PROMPT
Every record below should be retyped exactly, and no picture should appear in the copy.

PROVIDED RECORDS
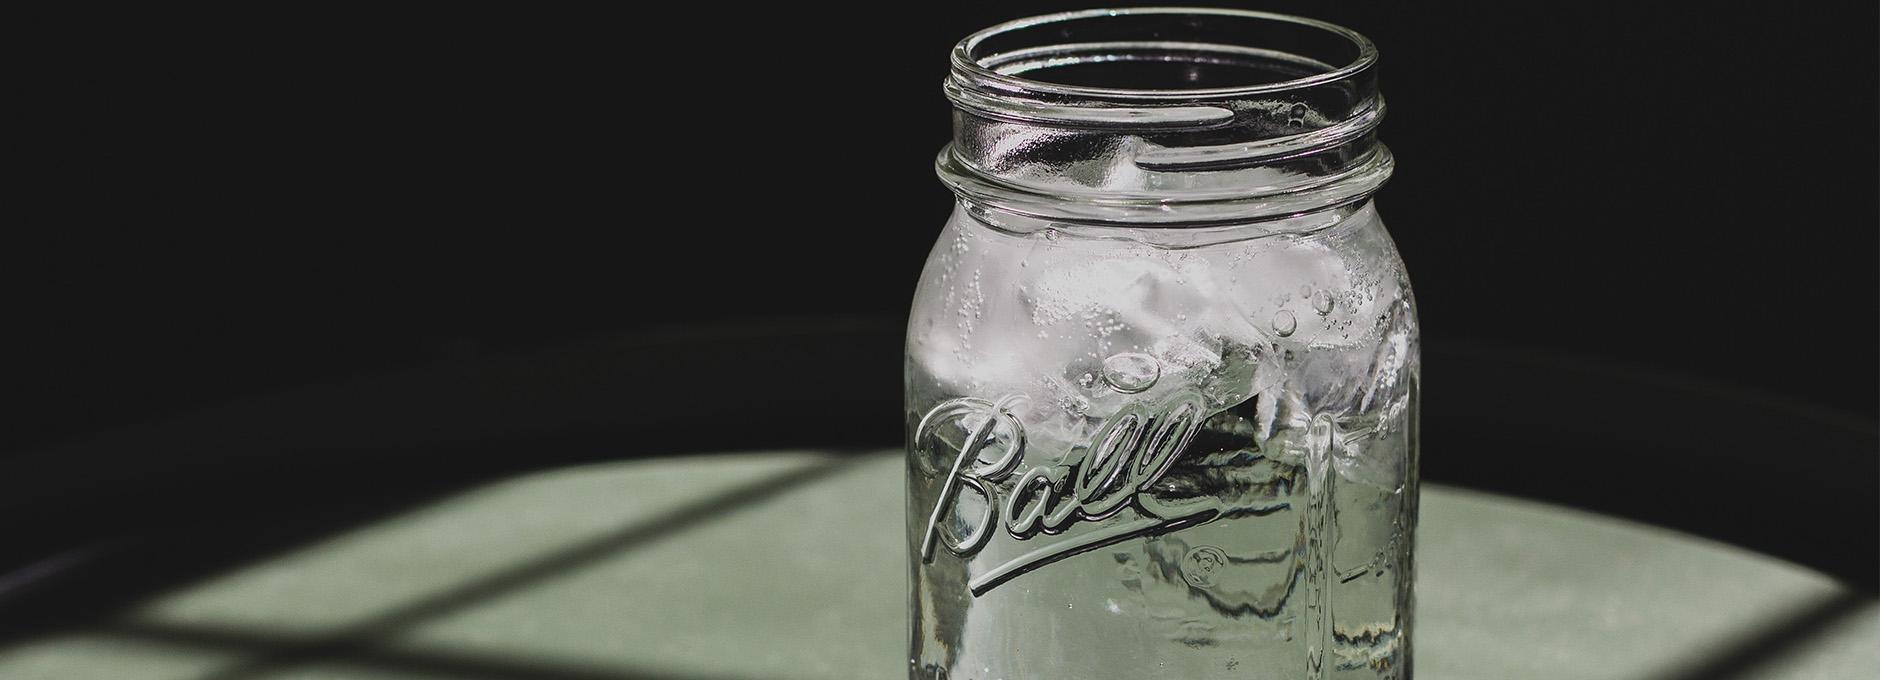 Water in mason jar
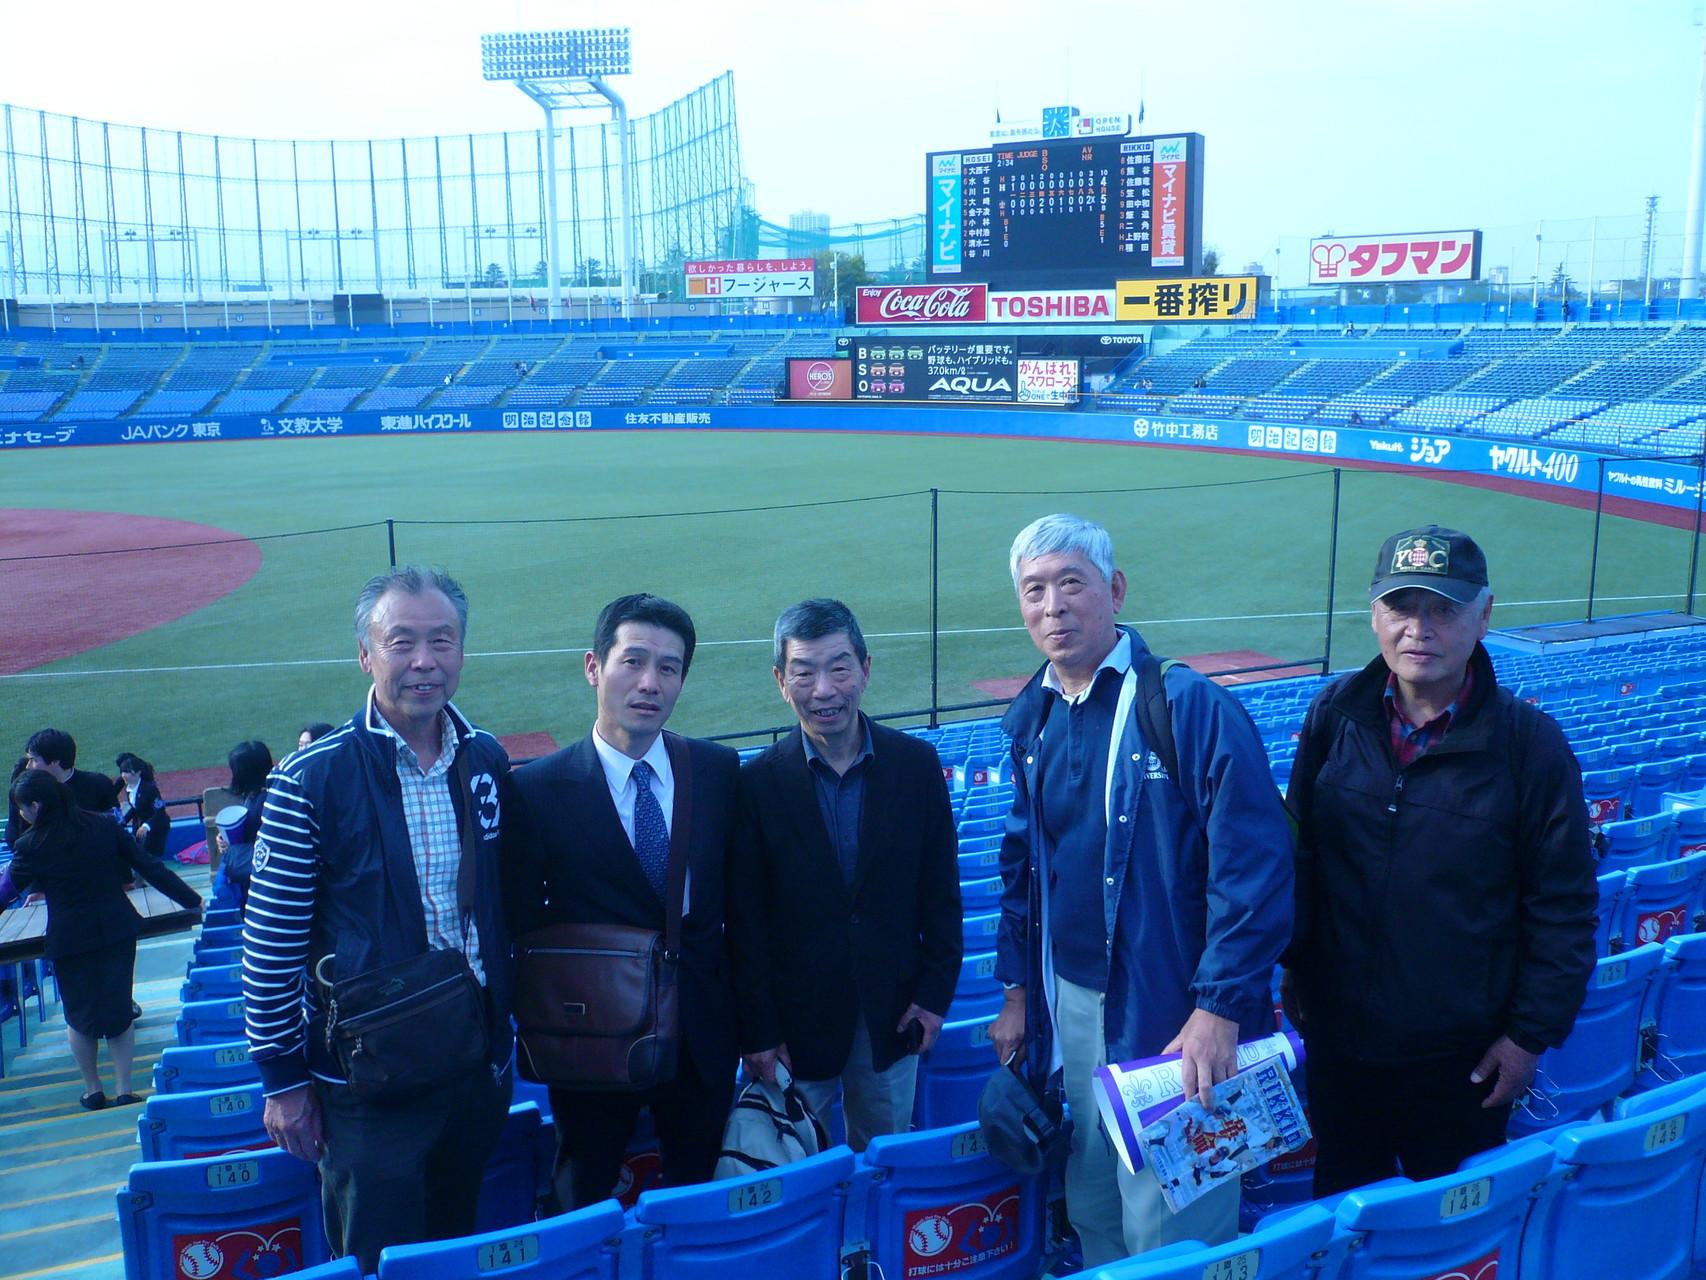 毎年総会の最後閉めてくれる応援団OBでコーチをしている成田さんを囲んで
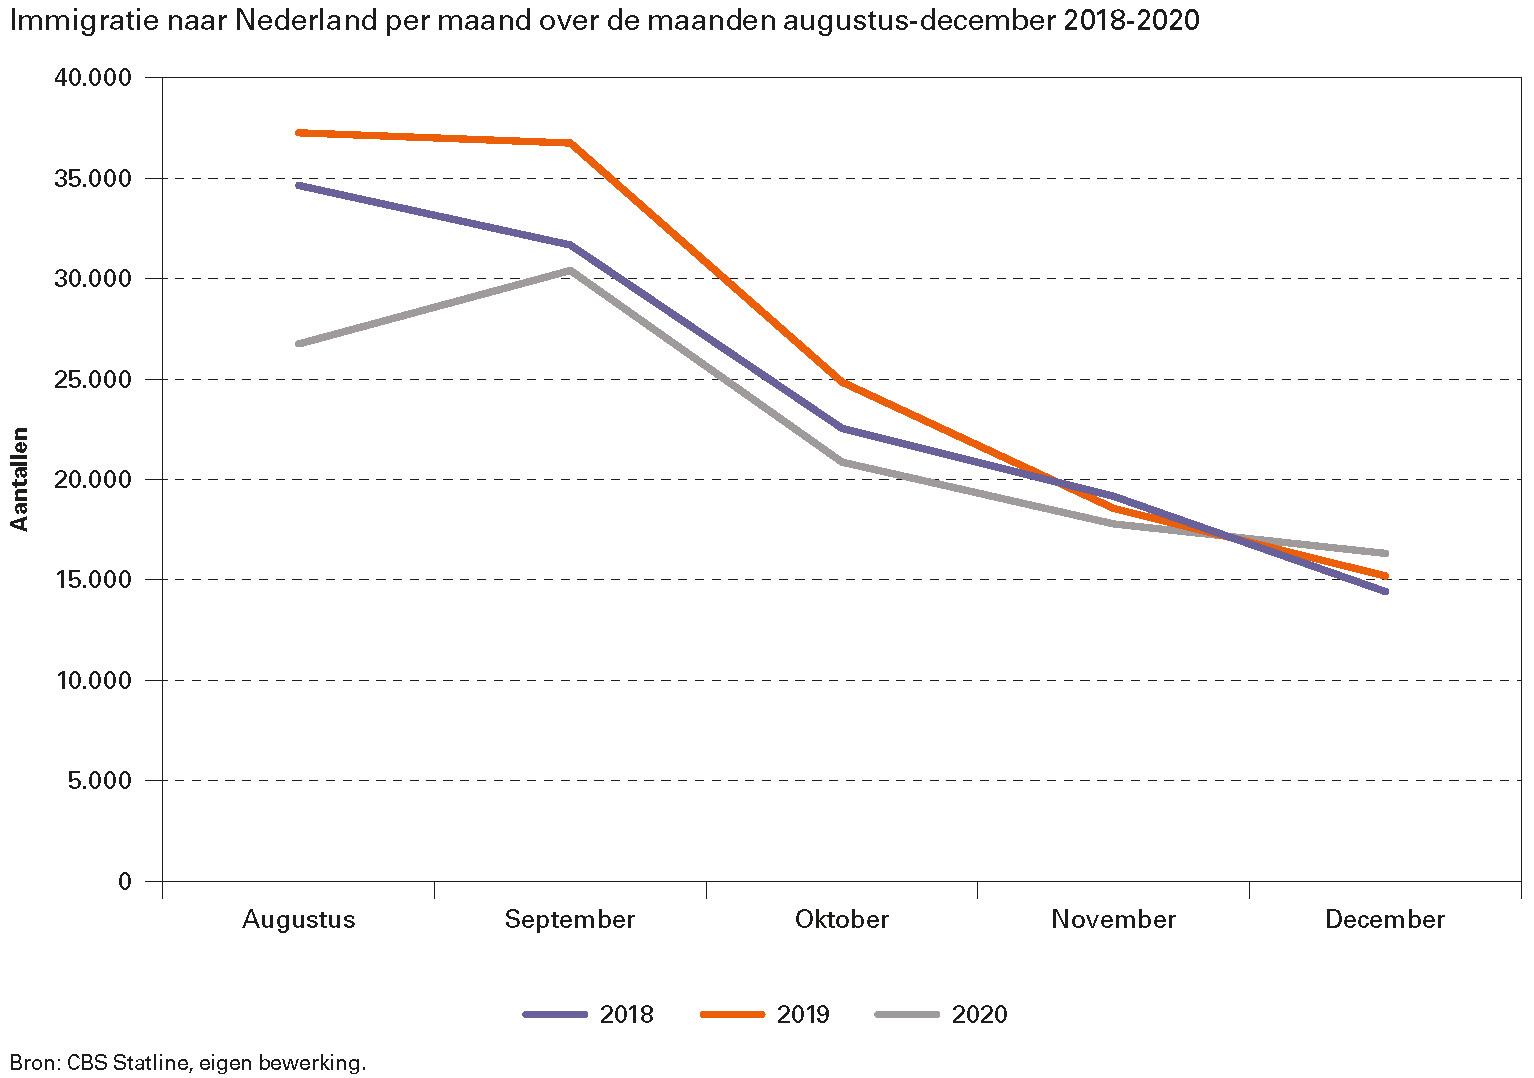 Immigratie naar Nederland per maand over de maanden augustus-december 2018-2020
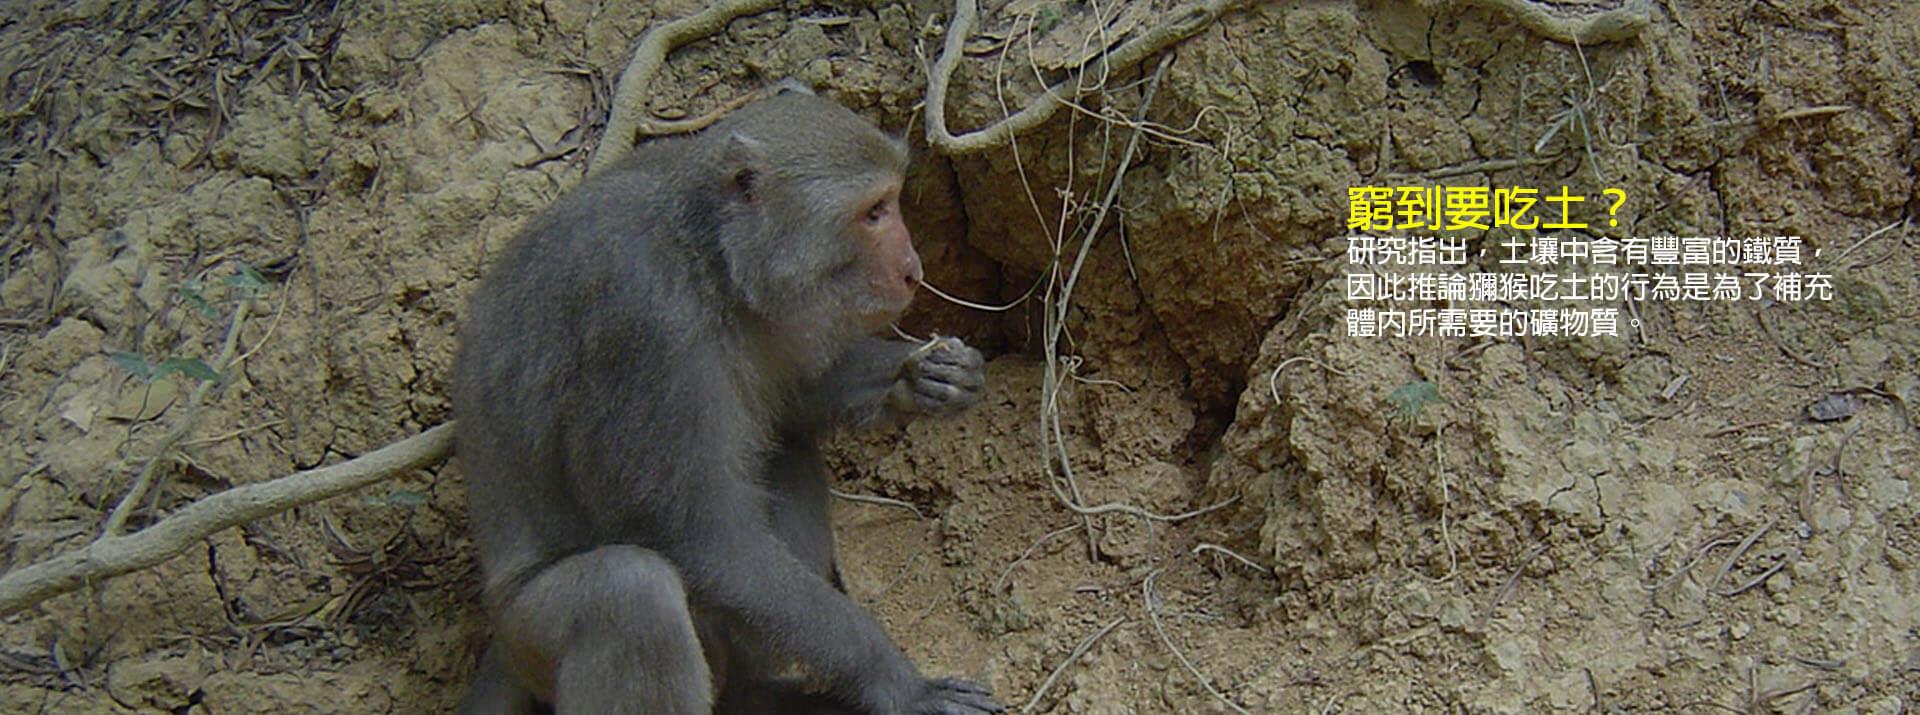 獼猴會吃土-你知道嗎?
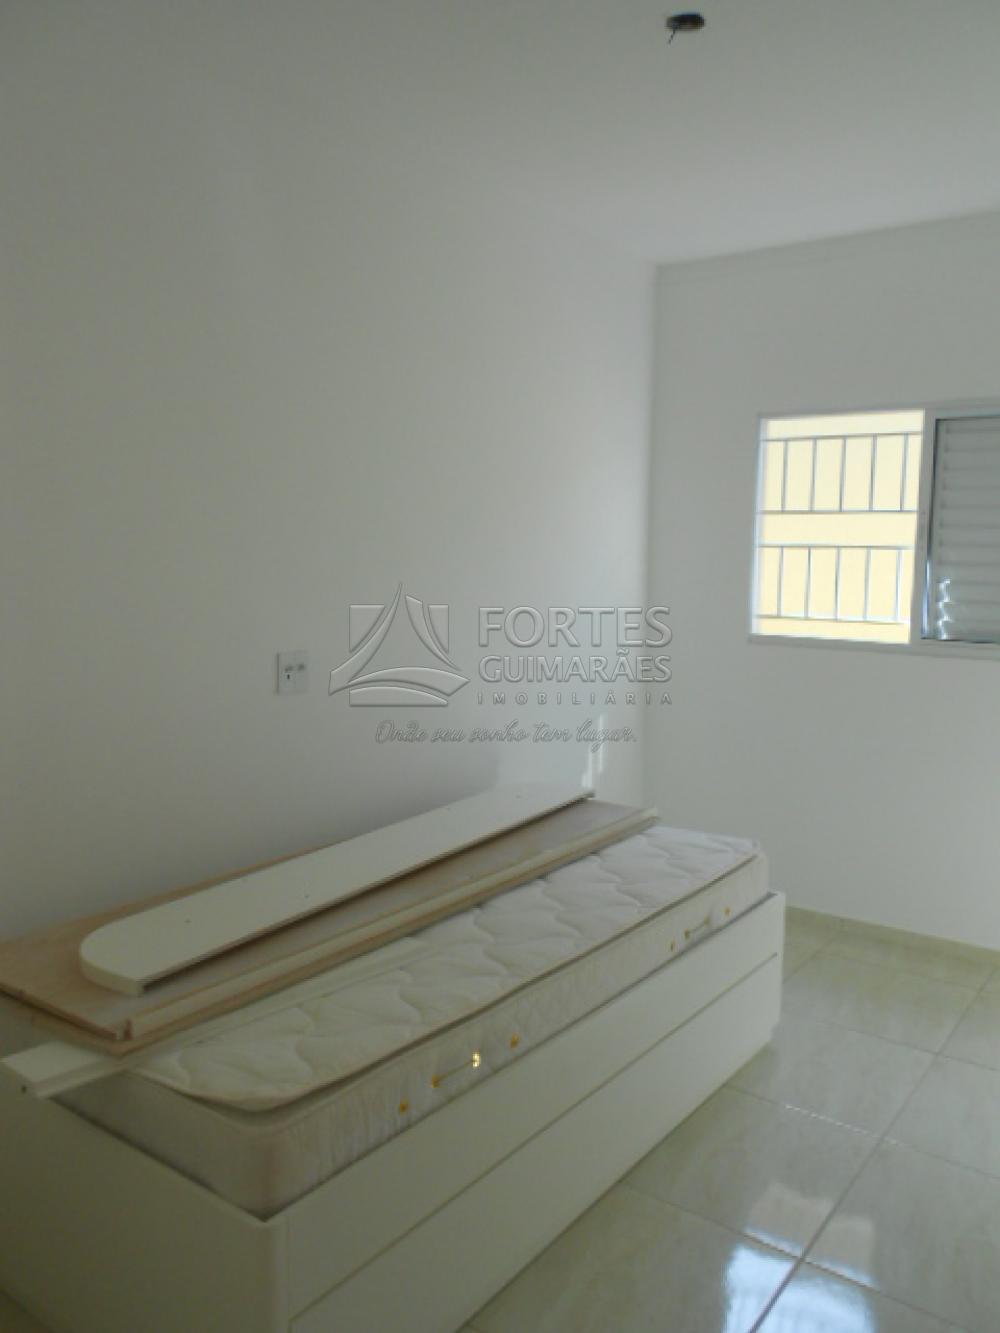 Alugar Casas / Padrão em Bonfim Paulista apenas R$ 1.300,00 - Foto 10
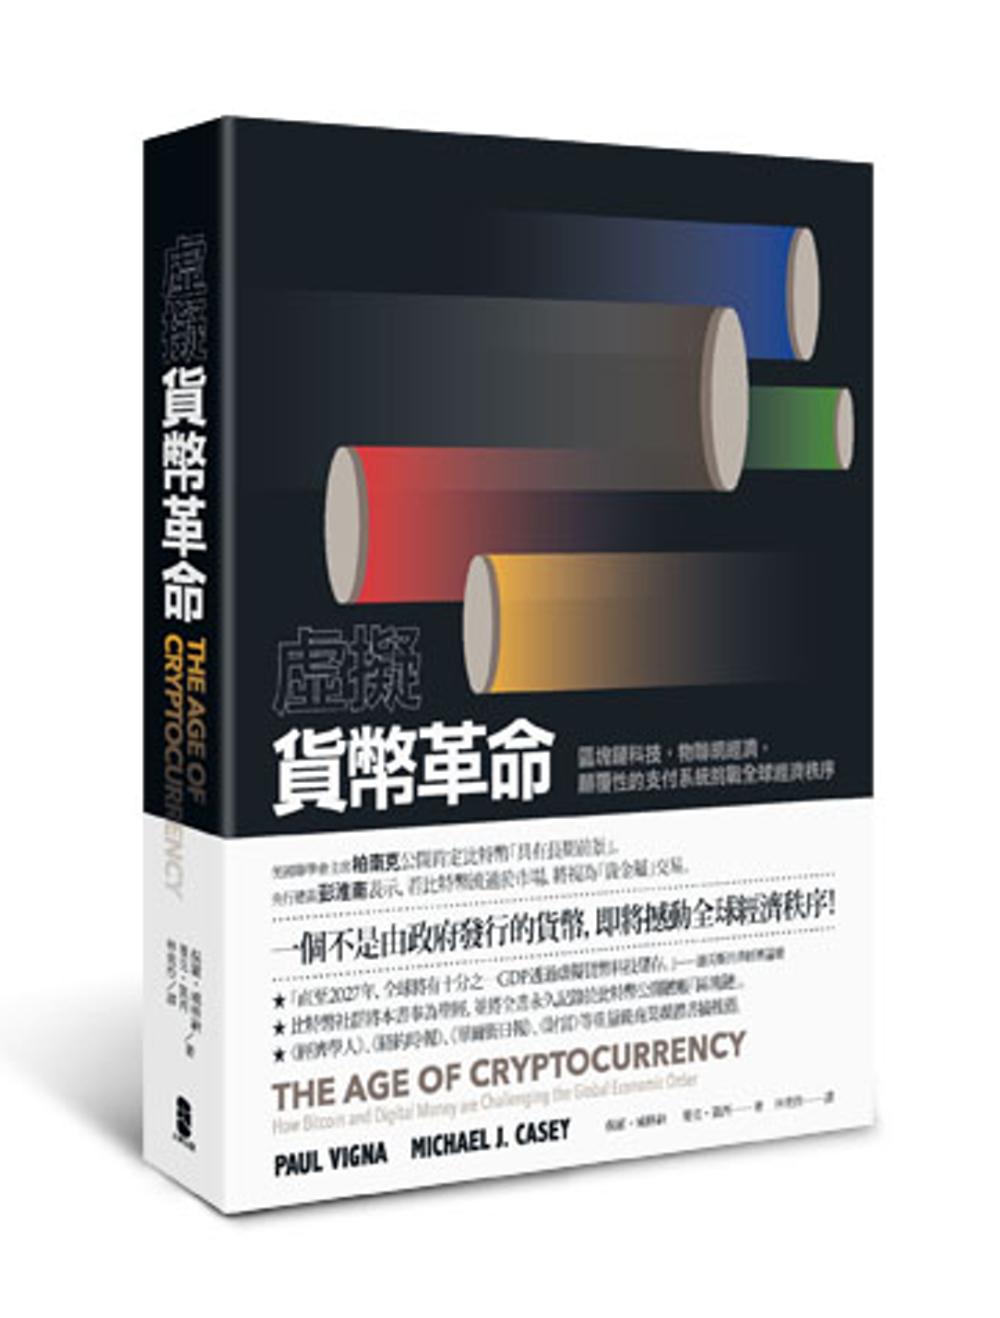 虛擬貨幣革命:區塊鏈科技,物聯網經濟,顛覆性的支付系統挑戰全球經濟秩序

RESPONSE FOR THIS EXERCISE
 Water in mason jar
 毎年総会の最後閉めてくれる応援団OBでコーチをしている成田さんを囲んで
 Immigratie naar Nederland per maand over de maanden augustus-december 2018-2020
 獼猴會吃土-你知道嗎?
 Alugar Casas / Padrão em Bonfim Paulista apenas R$ 1.300,00 - Foto 10
 虛擬貨幣革命:區塊鏈科技,物聯網經濟,顛覆性的支付系統挑戰全球經濟秩序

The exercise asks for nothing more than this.